» **Exercise requirements**: Copy every record below exactly as written, but leave out the pictures.

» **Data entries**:
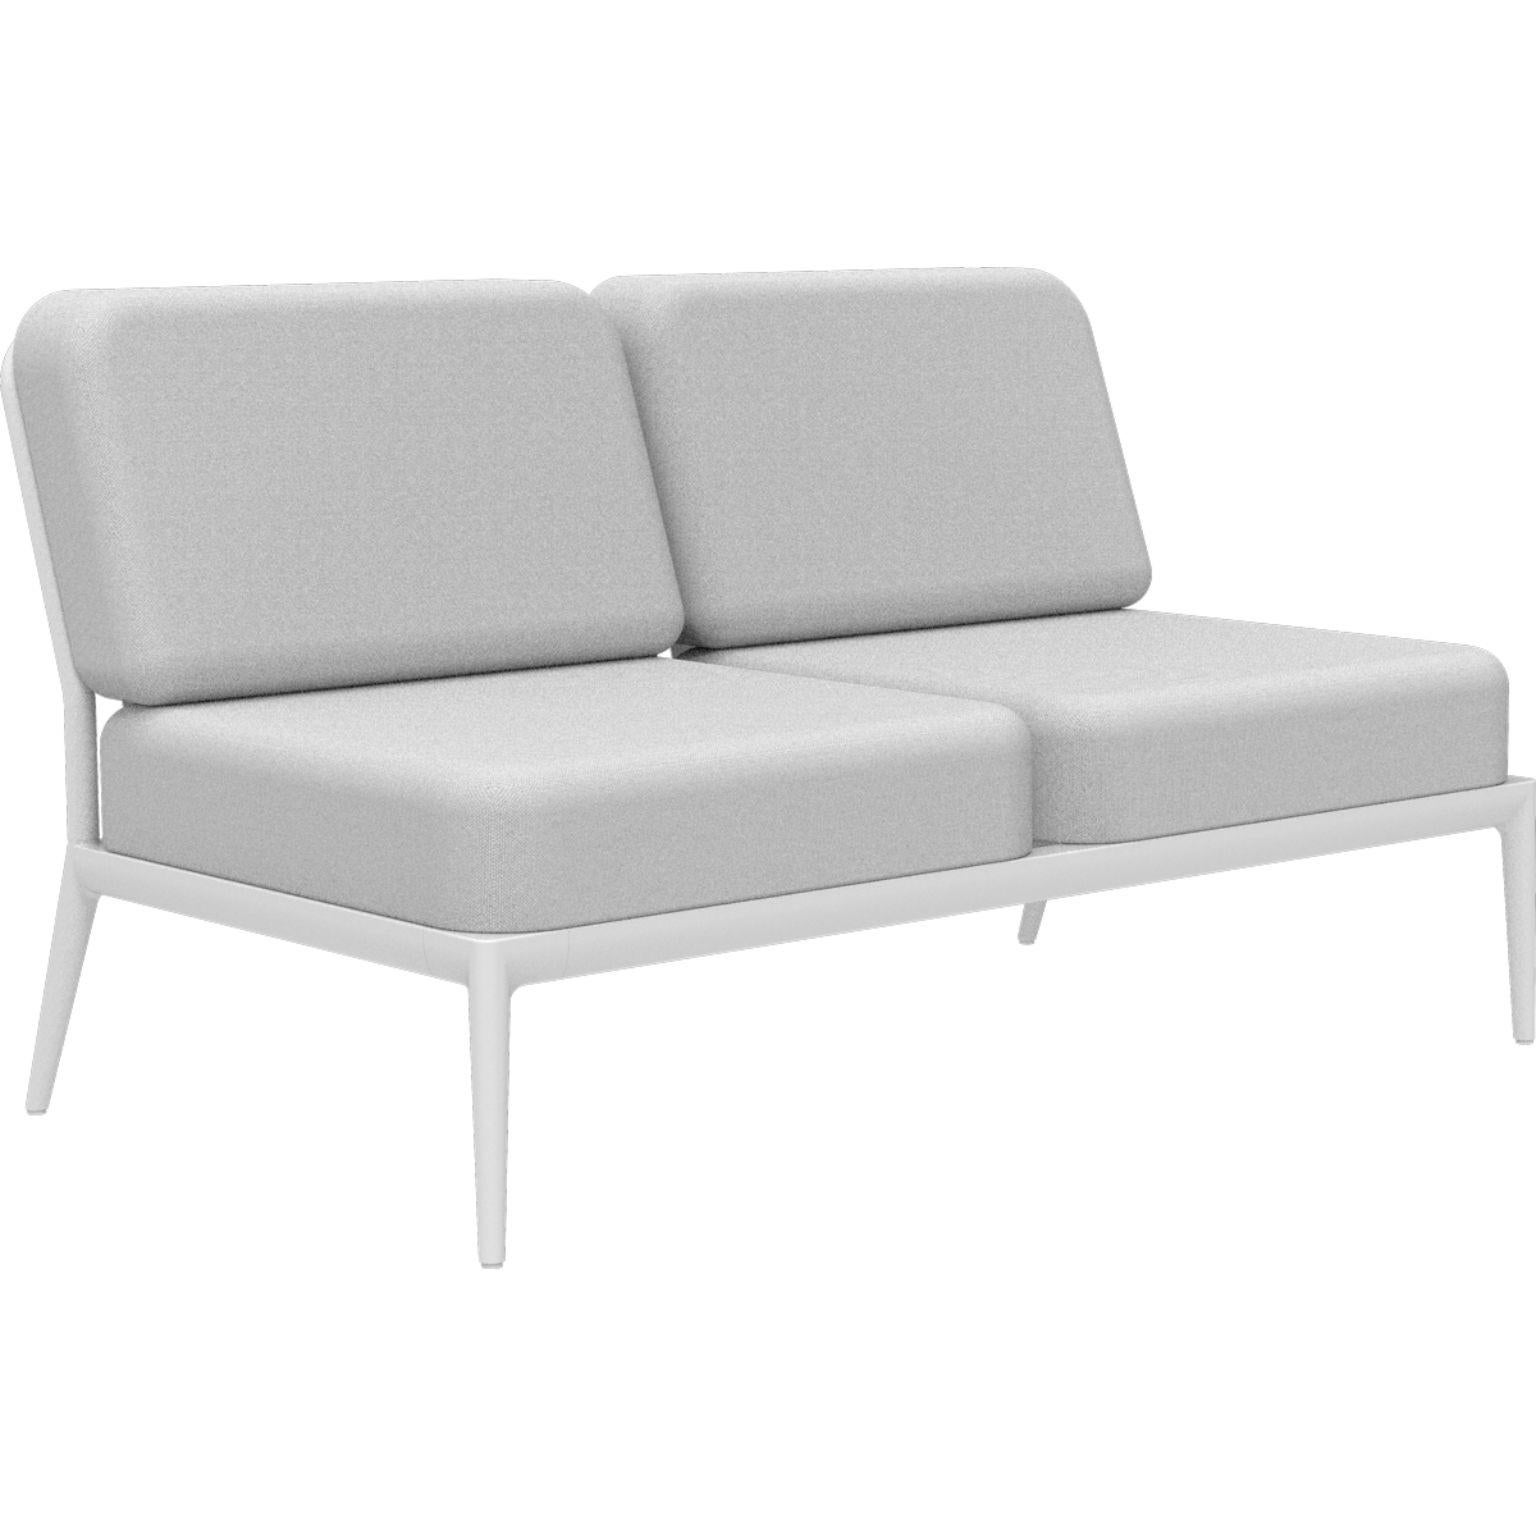 Ribbons Weißes Doppeltes zentrales modulares Sofa von MOWEE
Abmessungen: T83 x B136 x H81 cm
MATERIAL: Aluminium, und Polsterung.
Gewicht: 27 kg.
Auch in verschiedenen Farben und Ausführungen erhältlich.

Eine Collection'S, die durch ihre Schönheit

» **Written response**:
 Ribbons Weißes Doppeltes zentrales modulares Sofa von MOWEE
Abmessungen: T83 x B136 x H81 cm
MATERIAL: Aluminium, und Polsterung.
Gewicht: 27 kg.
Auch in verschiedenen Farben und Ausführungen erhältlich.

Eine Collection'S, die durch ihre Schönheit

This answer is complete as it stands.